Ivy took another huge bite of pizza. “Honestly, I don’t know when your life got so complicated,” she told me. “This is the kind of thing that usually happens to Tally, not you!”
“You’re all beginning to rub off on me,” I said. “Maybe I’ll start taking violin lessons, too.”
“Yeah, and you could audition for the next Drama Club production,” Ivy suggested, giving me a wicked smile.
“Sometimes I feel like I’m already IN a Drama Club production,” I told my friend. “Come on, phone, RING!”
“Take a deep breath and have some pizza,” Ivy said. “The only thing worse than worrying is worrying on an empty stomach.”
My phone rang, saving me from explaining that I couldn’t eat a bite at the moment if my life depended on it.
“Mom?” I said a little breathlessly.
“What’s she saying? Put her on speaker,” Ivy said, talking over the sound of my mother’s voice. I held up one finger.
“Paulie, just put her on speaker,” Ivy said. “Now you’re making me nuts.”
“Really? Really? Okay, thanks!” I said. “Bye!”
Then I beamed at my best friend. “That’s where it was,” I said. “My mom just found it. Mailbox that isn’t a mailbox. There’s a package inside, with a card addressed to me.”
Ivy’s smile matched my own. She stood up. “I’m going to get this pizza wrapped up to go,” she said.
An hour later, I was sitting in my room on my bed, the contents of Benny’s package in my hand. The present itself, beautifully wrapped in red-and-gold paper, was a black velvet box containing a delicate necklace with a tiny heart-shaped charm. Inside the card Benny had created a handmade coupon that said:
THIS COUPON GOOD FOR ONE (1) HOLIDAY DINNER AT THE RESTAURANT OF YOUR CHOICE—CALL ME TO REDEEM THIS VALUABLE OFFER!

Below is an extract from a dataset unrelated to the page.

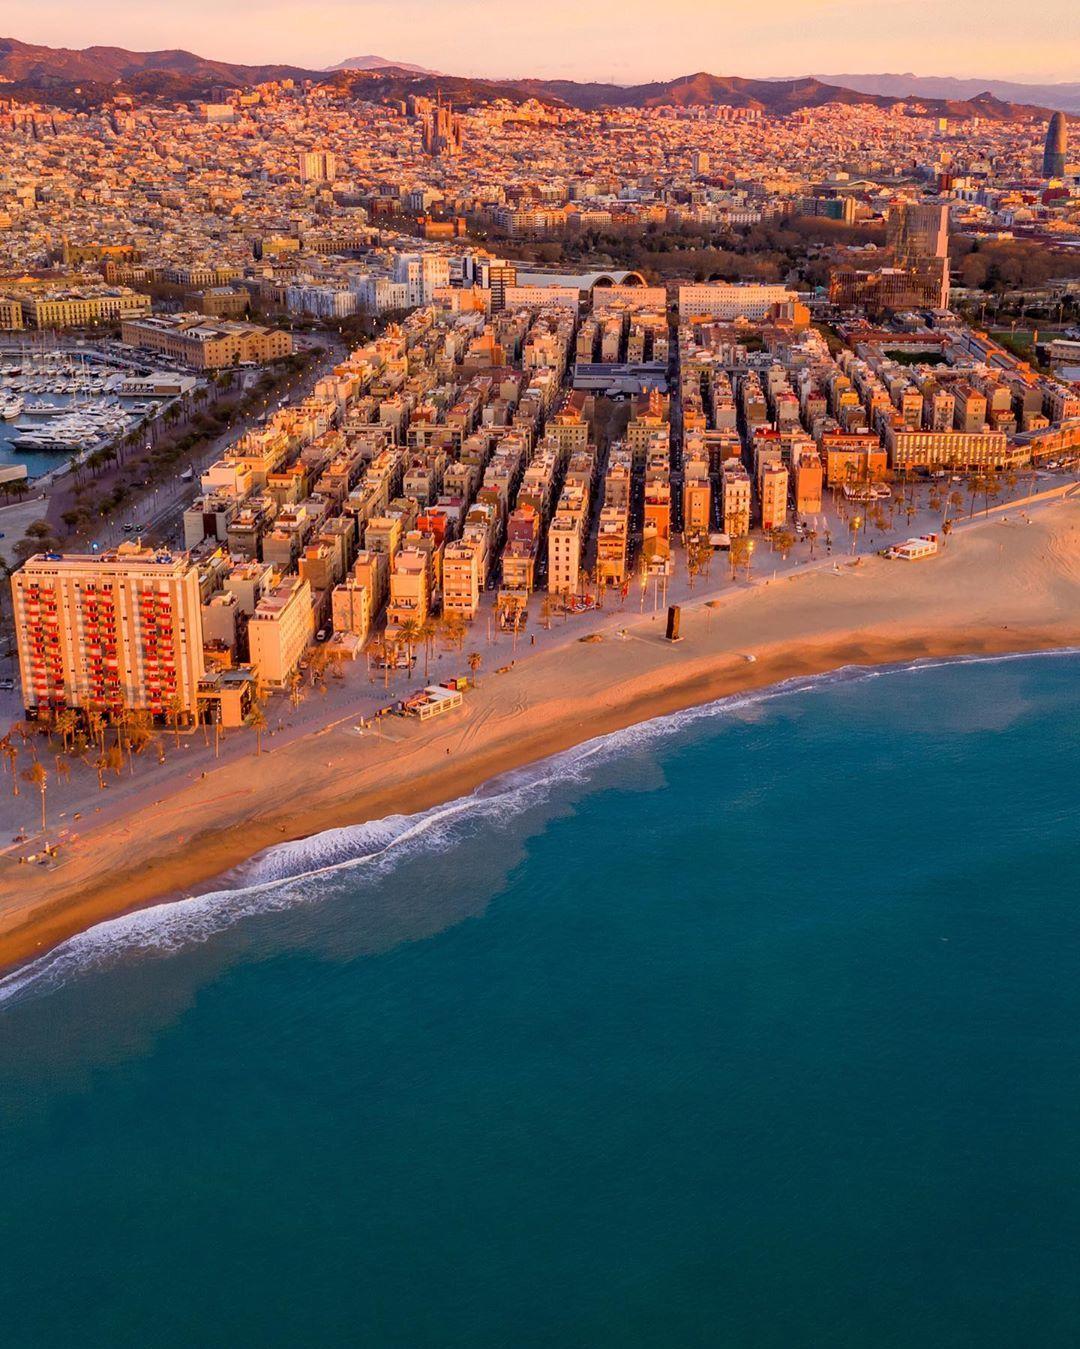 Barcelona vacía a vista de pájaro / Barceloneta

No wonder he thought it was strange when I never called, I thought, holding the little necklace up so I could better admire it. A heart-shaped necklace and an offer for a fancy dinner, and for all he knew, I had just ignored them.

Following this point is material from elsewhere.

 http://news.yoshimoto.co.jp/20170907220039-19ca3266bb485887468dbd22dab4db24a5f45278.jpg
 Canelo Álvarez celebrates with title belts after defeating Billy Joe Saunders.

I had come such a long way since last year, when I suffered mostly in silence with the knowledge of my crush, rather than risk humiliation by actually trying to get to know Benny.
And after all that, I still picked saying nothing over taking a risk, I scolded myself. I’d come a long way in the confidence department, but I still had a lot of work to do in that department! My friends had been so right—all I had accomplished by putting my head in the sand was to create more confusion between me and Benny, not to mention an agonizing week at school. I couldn’t wait to finally talk to him.
He called me as soon as the movie was out. I tried not to sound as giddy as I felt.
“And you’re totally not the first person to make that mistake,” I reassured Benny. “When the mailman goes on vacation, the guy filling in puts the mail in there sometimes.”
“Still, I am so sorry,” he told me earnestly. “I feel like an idiot—I don’t know why I just didn’t come out and say something when I didn’t hear from you. Instead, I made you wait because I was too nervous to just ask. To be honest, I figured you hated the present, or . . . no offense, but maybe you had started liking somebody else, and the necklace just made everything worse . . .”
At that moment I truly believed Benny Novak was the sweetest guy that had ever lived.
“No, I should have said something to you,” I said. “I’m the one that should feel like an idiot.”
“Okay, I’ll make you a deal,” Benny said. “How about we both agree to forget we feel like idiots!”
“Awesome,” I agreed, beaming. “And honestly, Benny, I love my present. The necklace is beautiful, and I would love to go to a restaurant with you. Though I guess it wouldn’t exactly count as a holiday dinner anymore.”
“Well, we’ll make our own holiday—a new one,” he said. “We’ll call it Benny and Paulina Are Not Idiots Day.”
“Yes, perfect,” I said, laughing. “We’ll have a blast celebrating that.”
And hopefully, I added silently, we will be celebrating it next year, too. And maybe even the year after!